==== INFORMATION PROVIDED
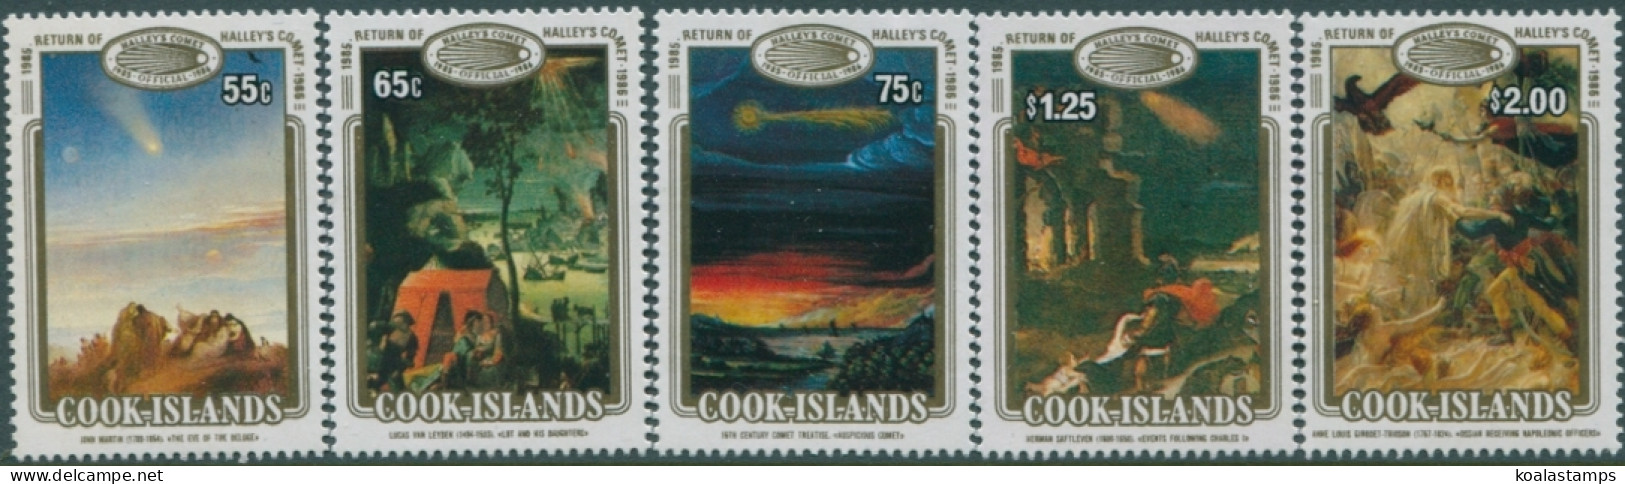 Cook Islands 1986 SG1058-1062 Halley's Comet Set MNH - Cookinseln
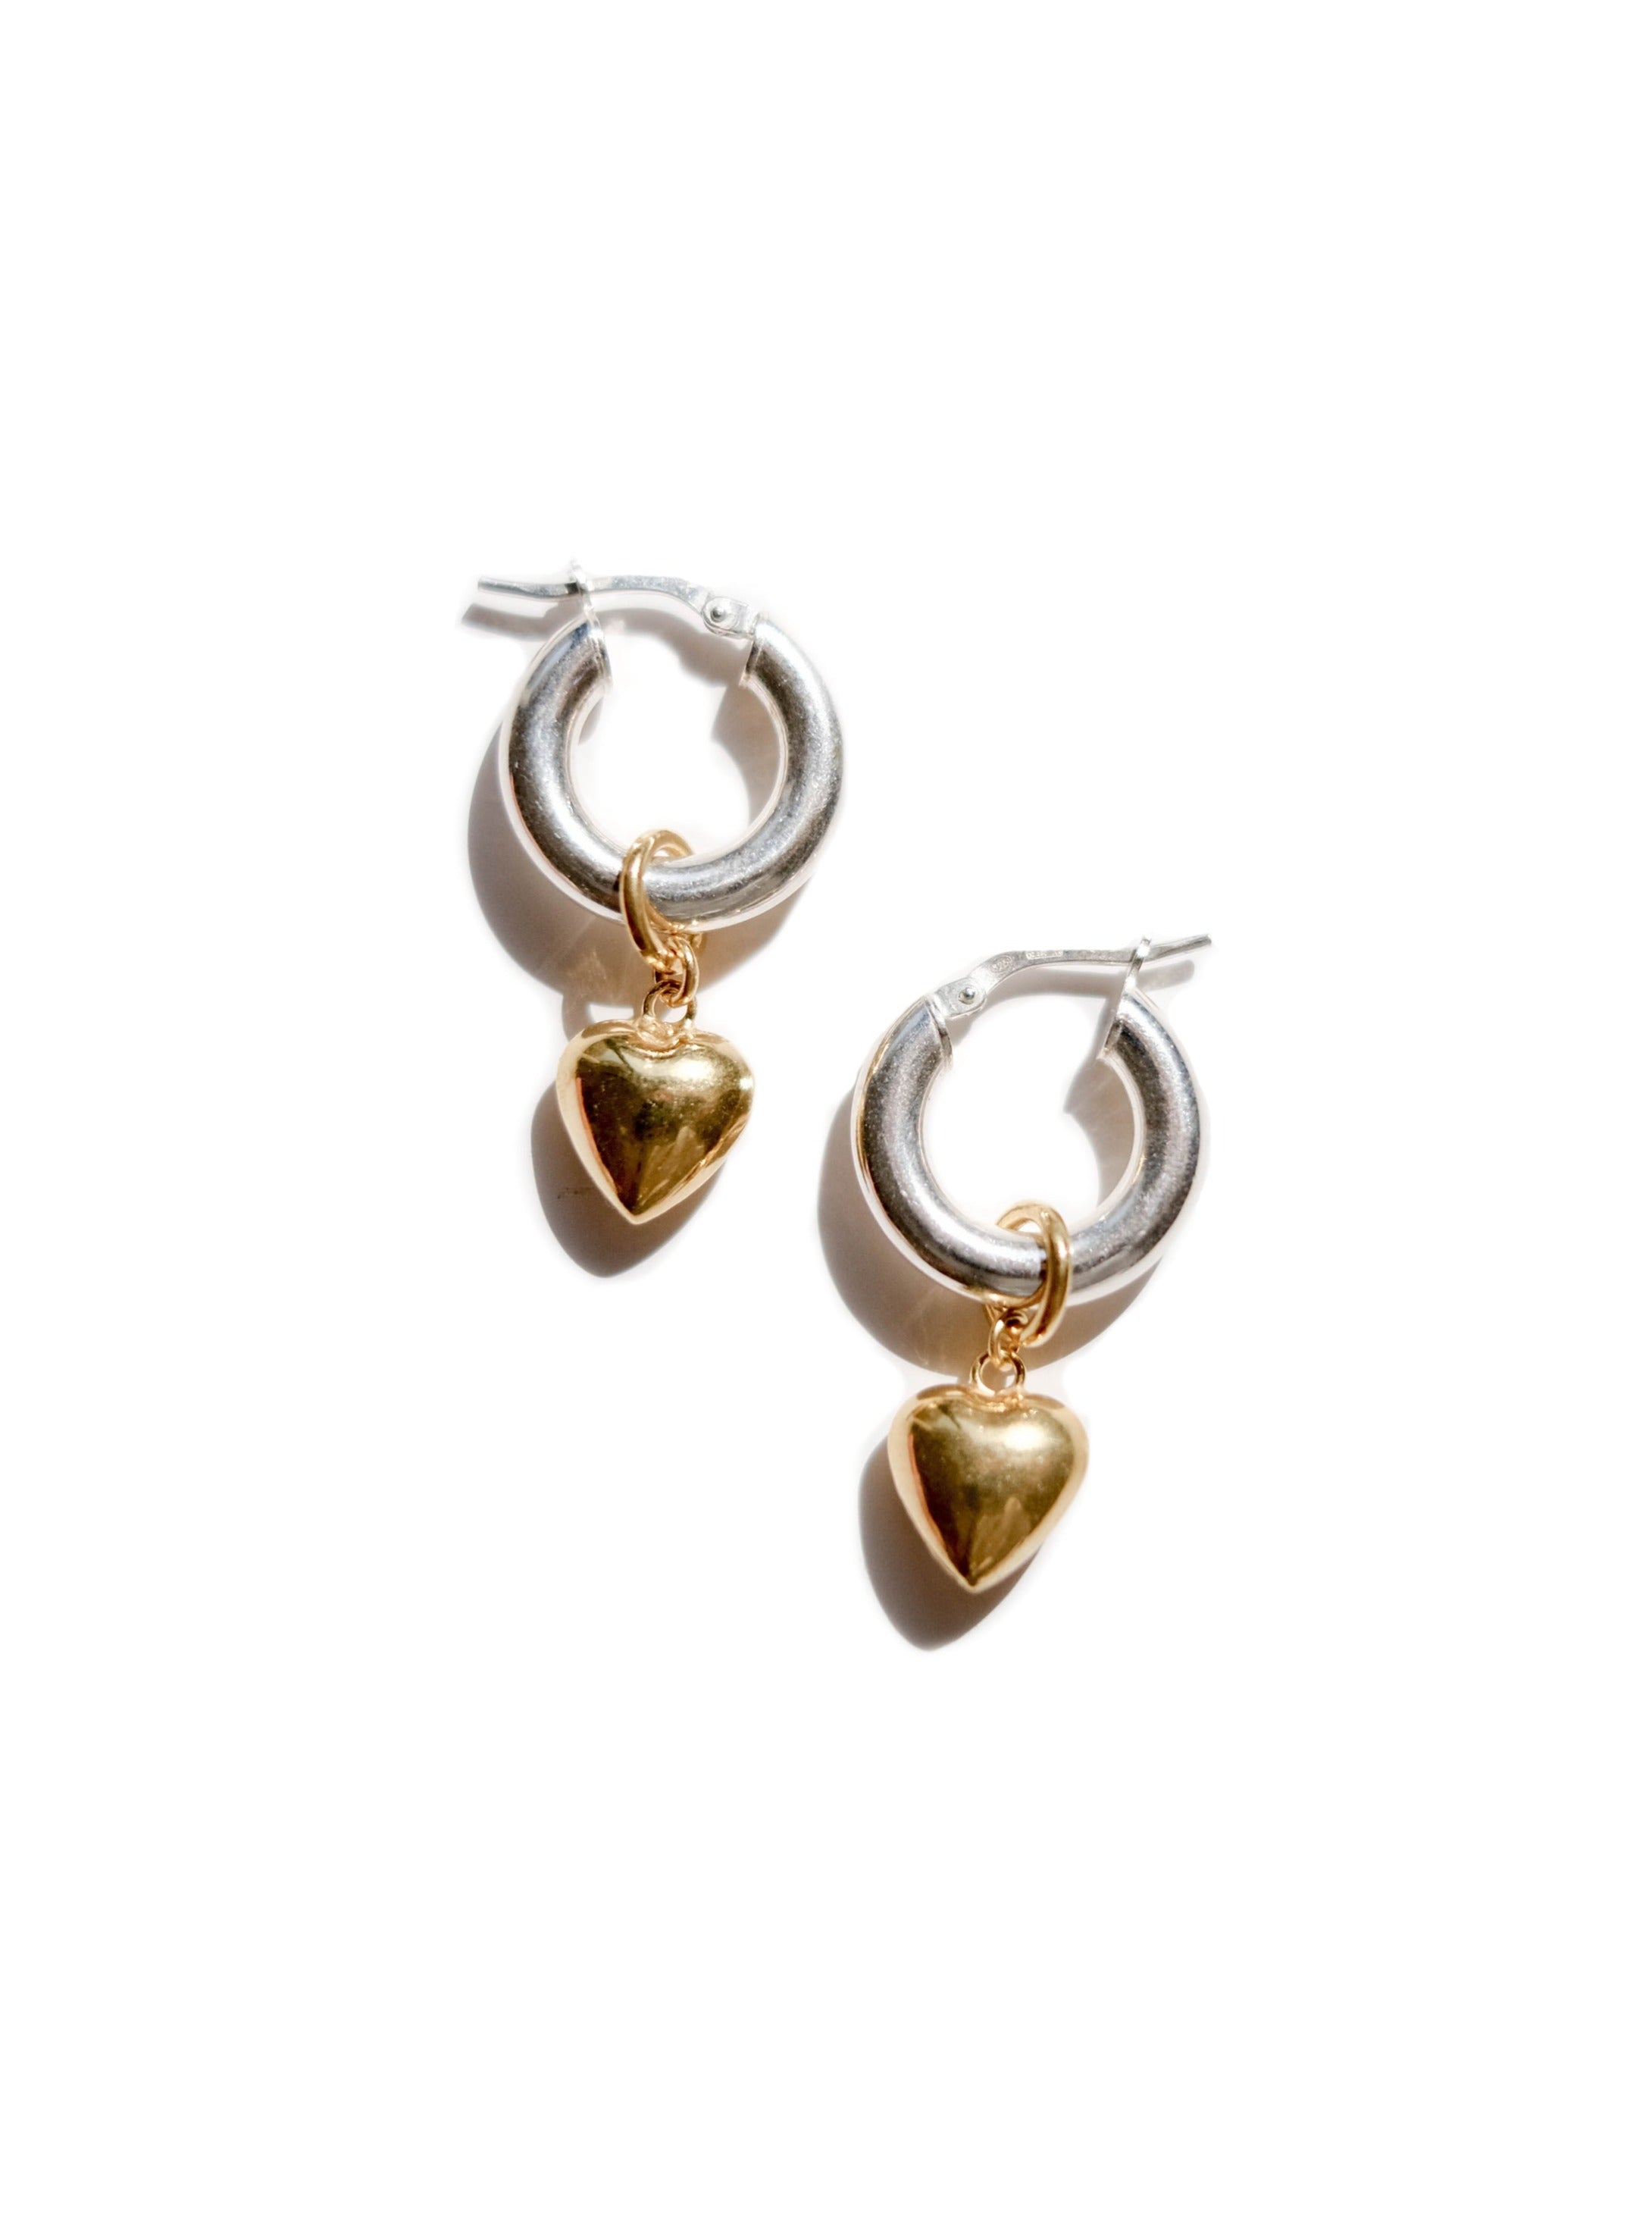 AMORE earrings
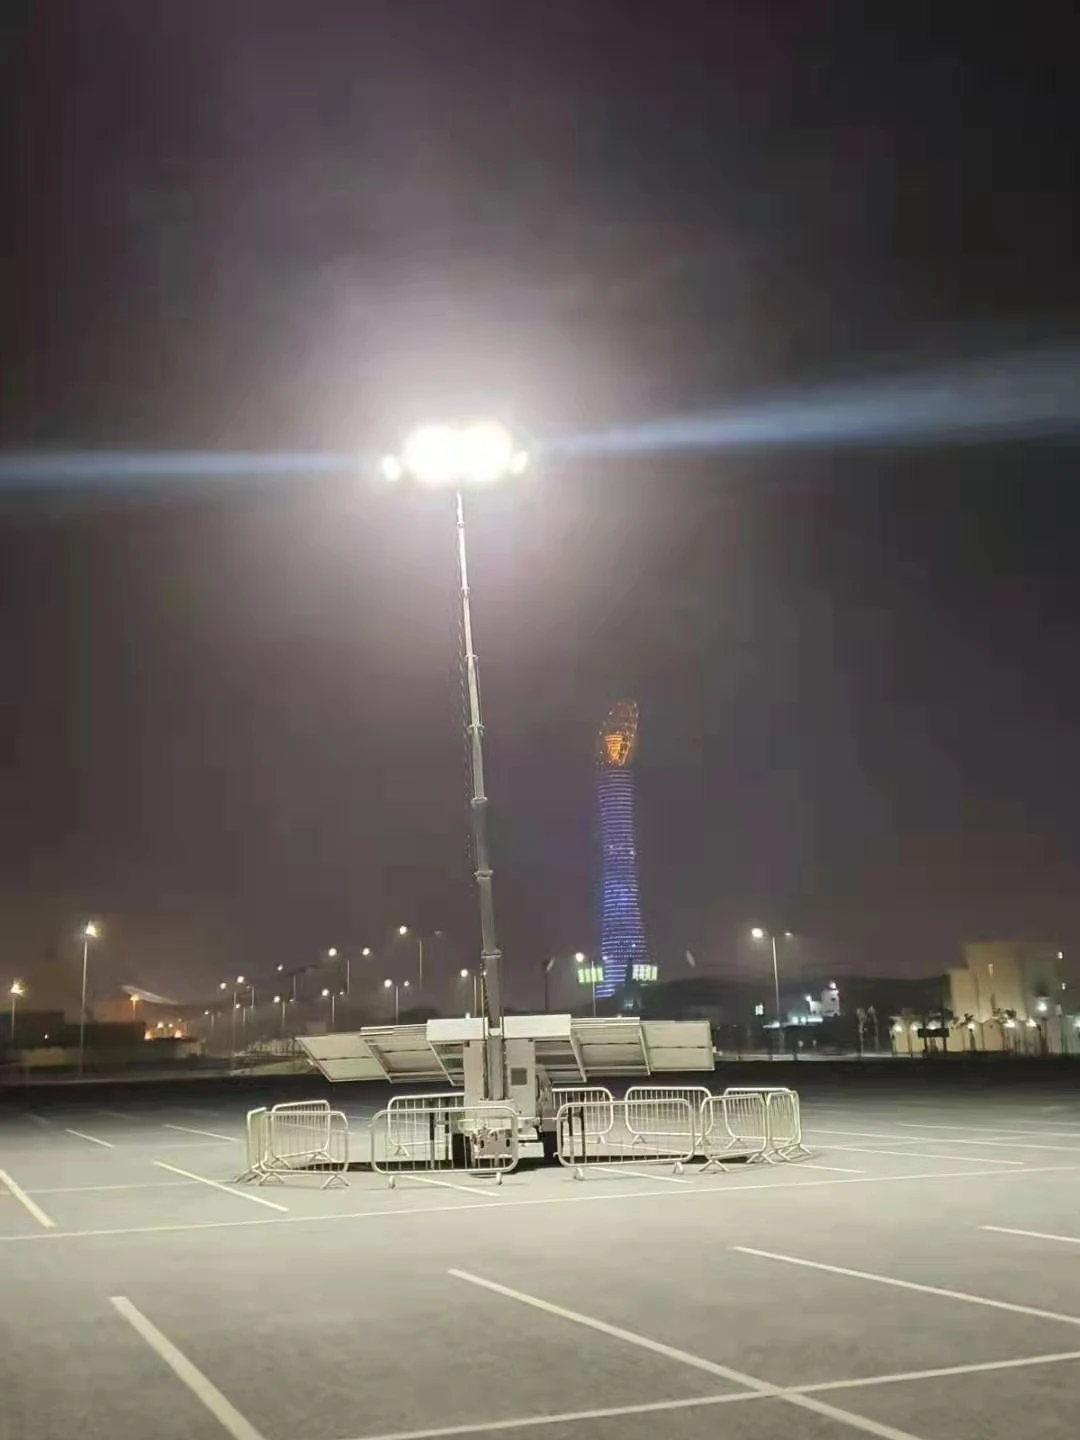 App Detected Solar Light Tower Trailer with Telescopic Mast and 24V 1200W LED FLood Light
========
Produce a verbatim copy of the listing, leaving out all pictures.

WRITTEN ANSWER:
 Cook Islands 1986 SG1058-1062 Halley's Comet Set MNH - Cookinseln
 AMORE earrings
 App Detected Solar Light Tower Trailer with Telescopic Mast and 24V 1200W LED FLood Light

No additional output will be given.